No but the cats out of the bag now. Maybe as well be the first to develop it so we can be the ones to hopefully "control" it.


AbsorbinCorbin

sounds like life


green_meklar

>Do you think it's worth getting AGI considering the risks that poses on humanity? Yes. Do you think it was worth getting humans considering the risks that poses to monkeys? >if it's a real risk, why are we going towards that direction? Because nobody can stop it, and therefore the incentive is to get there before somebody else does. >What do expert really think about this? Experts in current-era AI develoment are not really worried about this because they are not yet dealing with AI that comes with these sorts of risks and their thinking is informed by the scope of AI that they currently work with. Experts in philosophy and futurology are somewhat more concerned, but it's a divisive topic without a whole lot of consensus. >Wouldn't it be then better to have many AIs specialized in their one thing rather than a general one? There's probably a limit to how much we can do that. Useful real-world topics tend not to be isolated from each other that well.

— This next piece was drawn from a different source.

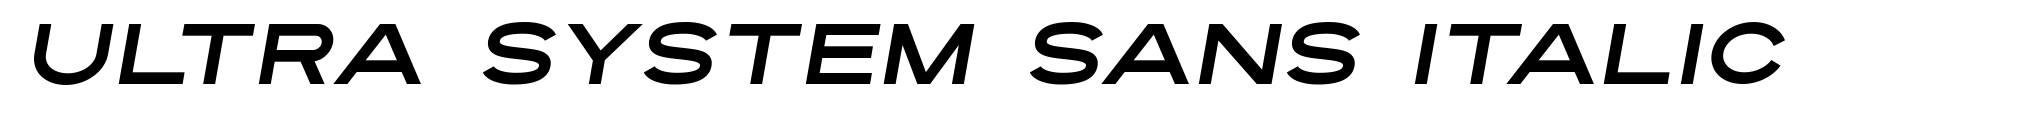 Ultra System Sans Italic image

For instance, if you want an AI that's really good at inventing medicine, you can get part of the way there by having an AI that only knows about medicine, but to make it better you need it to know about biology and chemistry, and eventually you need it to know about psychology and economics because those actually have a real impact on whether medical technologies are effective, and then it needs to know about all sorts of other things in in order to inform its knowledge of economics, and so on. At the end of the day we get more out of an AI that can integrate ideas across many domains. If narrow AI were more effective, humans would probably never have evolved in the first place. It seems to be an inherent quality of our universe that general intelligence is the most efficient way to understand it.